Ticket 15322

Summary:	Would Slurm be happy with a hostname with multiple IP addresses?
Product:	Slurm	Reporter:	Chris Samuel (NERSC) <csamuel>
Component:	Configuration	Assignee:	Tim McMullan <mcmullan>
Status:	RESOLVED INFOGIVEN	QA Contact:
Severity:	4 - Minor Issue
Priority:	---	CC:	dmjacobsen
Version:	22.05.5
Hardware:	Linux
OS:	Linux
Site:	NERSC	Slinky Site:	---
Alineos Sites:	---	Atos/Eviden Sites:	---
Confidential Site:	---	Coreweave sites:	---
Cray Sites:	---	DS9 clusters:	---
Google sites:	---	HPCnow Sites:	---
HPE Sites:	---	IBM Sites:	---
NOAA SIte:	---	NoveTech Sites:	---
Nvidia HWinf-CS Sites:	---	OCF Sites:	---
Recursion Pharma Sites:	---	SFW Sites:	---
SNIC sites:	---	Tzag Elita Sites:	---
Linux Distro:	---	Machine Name:
CLE Version:		Version Fixed:
Target Release:	---	DevPrio:	---
Emory-Cloud Sites:	---

Description Chris Samuel (NERSC) 2022-10-31 21:43:01 MDT

Hi there,

On our new systems the default hostname for a node can have 1, 2 or 4 IP addresses depending on the number of HSN NICs it has. I've been using the NodeAddr setting to direct communications to the node management network interface instead since we started, but because of issues I mention in #15315 I'm looking to use the HSN instead.
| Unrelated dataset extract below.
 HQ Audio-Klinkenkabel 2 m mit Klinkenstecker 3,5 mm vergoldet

If we were to drop the NodeAddr setting altogether (along with the NoAddrCache setting we currently have to have) would Slurm cope with the nodes having multiple functioning IPs?

All the best,
Chris

Comment 1 Tim McMullan 2022-11-07 06:21:09 MST

Hi Chris,

How does name resolution work for that network?  Is it just a DNS round-robin for all the active ports or something else going on?
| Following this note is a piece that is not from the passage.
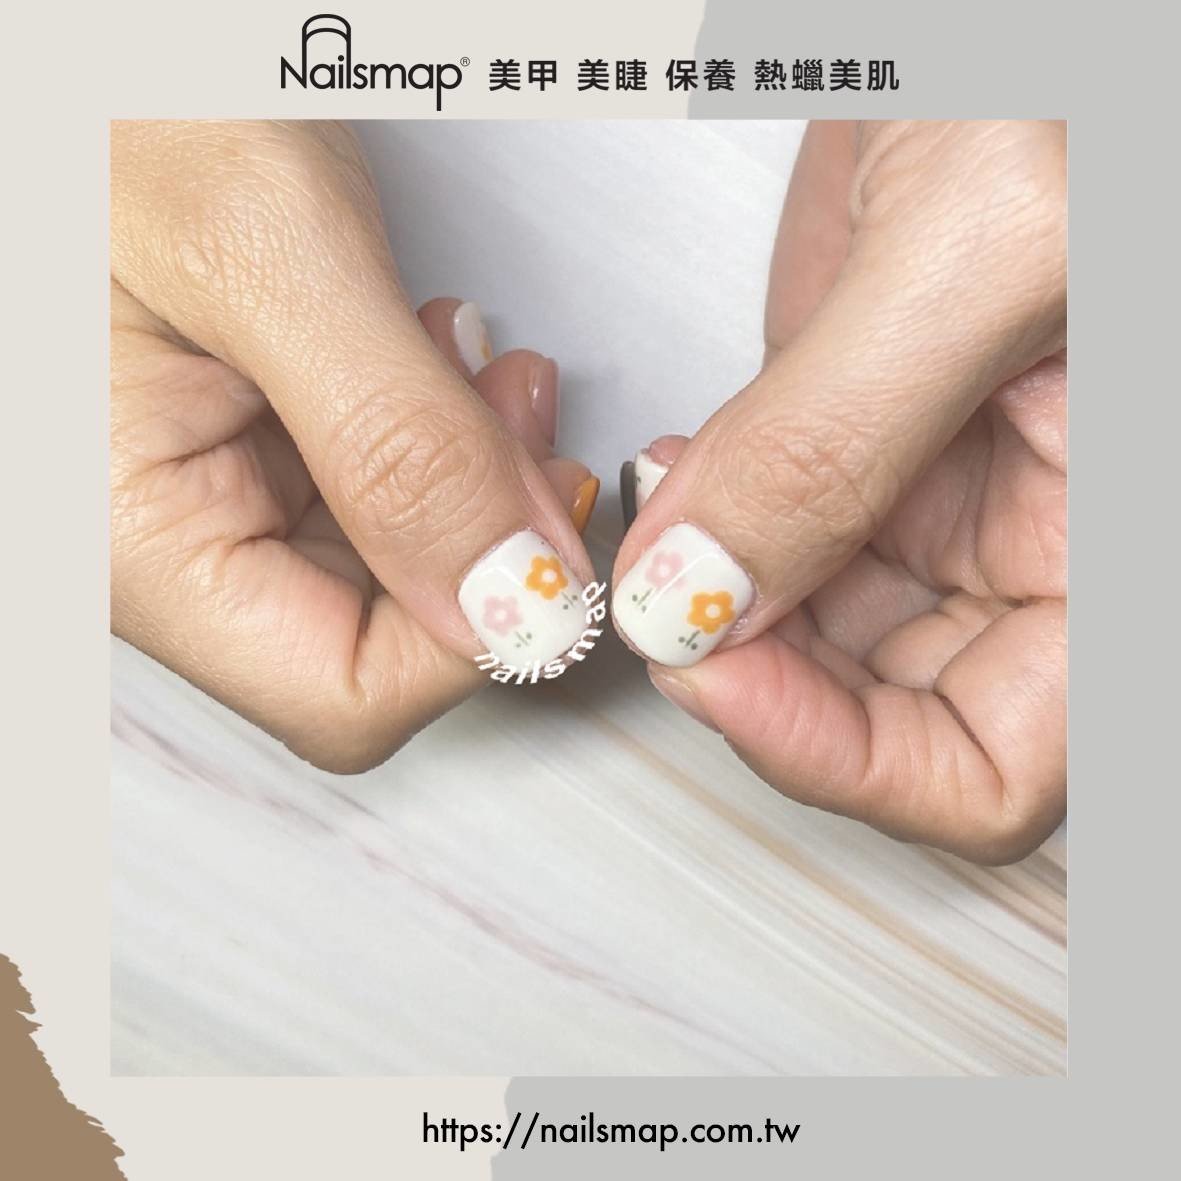 時下韓系美甲流行款式之一，清新小花讓指尖耀眼可愛

I'm doing some digging and potentially some experimenting to see how this would get handled.

Thanks!
--Tim

Comment 2 Chris Samuel (NERSC) 2022-11-08 00:07:00 MST

Hi Tim,

It just returns all the IPs for the node, for example (on a test system):

muller:nid001088:~ # host nid001088
nid001088 has address 10.250.1.49
nid001088 has address 10.250.1.50
nid001088 has address 10.250.1.65
nid001088 has address 10.250.1.66
nid001088 has address 128.55.173.59

All addresses should be reachable from inside the system - including that public IP address which lives on hsn0:

muller:nid001088:~ # ip -4 addr show dev hsn0
3: hsn0: <BROADCAST,MULTICAST,UP,LOWER_UP> mtu 9000 qdisc mq state UP group default qlen 1000
    altname enp194s0
    inet 10.250.1.65/16 brd 10.250.255.255 scope global hsn0
       valid_lft forever preferred_lft forever
    inet 128.55.173.59/24 brd 128.55.173.255 scope global hsn0
       valid_lft forever preferred_lft forever

All the best,
Chris

Comment 4 Tim McMullan 2023-03-13 09:29:12 MDT

Hey Chris,

First off, I'm sorry about the delay on this one...
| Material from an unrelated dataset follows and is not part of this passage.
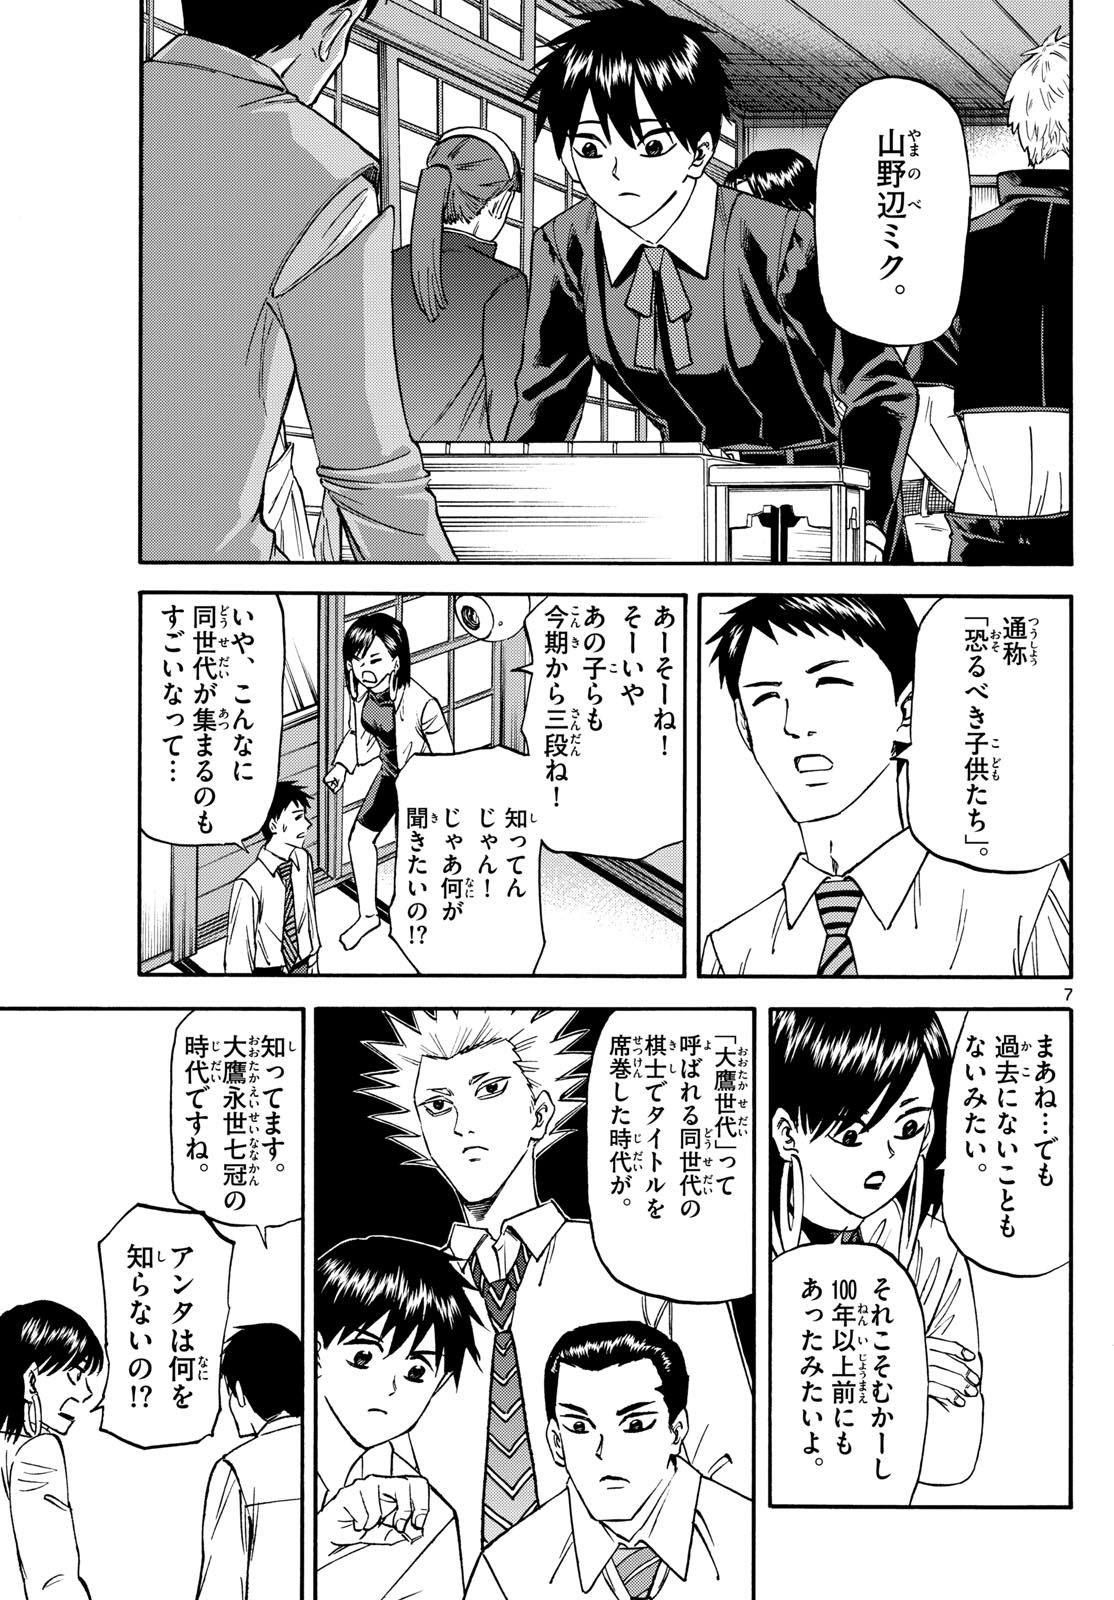 Tatsu to Ichigo - Chapter 185 - Page 7

It looks like from the other ticket you figured a different way around this, but after looking at the code and asking around it looks like this *should* work.  Its not very commonly done, but there isn't any specific handling for requests that came in from a specific IP, so as long as the slurmd is listening on the interface it should accept those connections and process them normally.

Thanks,
--Tim

Comment 5 Chris Samuel (NERSC) 2023-03-13 12:06:47 MDT

(In reply to Tim McMullan from comment #4)

> Hey Chris,

Hi Tim,

> First off, I'm sorry about the delay on this one...

No problem, I'm constantly swamped in email (got over 6000 unread in my inbox and that's after some aggressive filtering out of noise, very depressing). 

> It looks like from the other ticket you figured a different way around this,
> but after looking at the code and asking around it looks like this *should*
> work.  Its not very commonly done, but there isn't any specific handling for
> requests that came in from a specific IP, so as long as the slurmd is
> listening on the interface it should accept those connections and process
> them normally.

Thanks! Yeah I figured out how I could populate /etc/hosts in the container with entries for a single IP.

What I'm thinking of as an RFE/NRE topic though is being able to specify a single NodeAddr suffix for all compute nodes so we could have one piece of config that said something like:

NodeAddrSuffix=.chn.muller.nersc.gov

and then any lookups that happen are done by adding that suffix on to hostname. So for instance, nid001000 would be looked up as nid001000.chn.muller.nersc.gov, but another site could set it to be "NodeAddrSuffix=-mgmt" and that would lookup their compute01 as compute01-mgmt instead.

That would allow us to shrink the size of our config map for the slurmctld deployment considerably.

All the best,
Chris

Comment 6 Tim McMullan 2023-03-13 14:08:10 MDT

(In reply to Chris Samuel (NERSC) from comment #5)
> (In reply to Tim McMullan from comment #4)
> 
> > Hey Chris,
> 
> Hi Tim,
> 
> > First off, I'm sorry about the delay on this one...
> 
> No problem, I'm constantly swamped in email (got over 6000 unread in my
> inbox and that's after some aggressive filtering out of noise, very
> depressing). 

That is a truly horrifying inbox :(

> What I'm thinking of as an RFE/NRE topic though is being able to specify a
> single NodeAddr suffix for all compute nodes so we could have one piece of
> config that said something like:
> 
> NodeAddrSuffix=.chn.muller.nersc.gov
> 
> and then any lookups that happen are done by adding that suffix on to
> hostname. So for instance, nid001000 would be looked up as
> nid001000.chn.muller.nersc.gov, but another site could set it to be
> "NodeAddrSuffix=-mgmt" and that would lookup their compute01 as
> compute01-mgmt instead.
> 
> That would allow us to shrink the size of our config map for the slurmctld
> deployment considerably.

I thought this sounded reasonable and chatted with Tim (Wickberg) about it out of band.  Instead of an additional parameter, what if we were to change the parser so that something like this was valid:

> NodeName=nid[004860-004871] NodeAddr=nid[004860-004871]-nmn CPUs=256 Boards=1 ...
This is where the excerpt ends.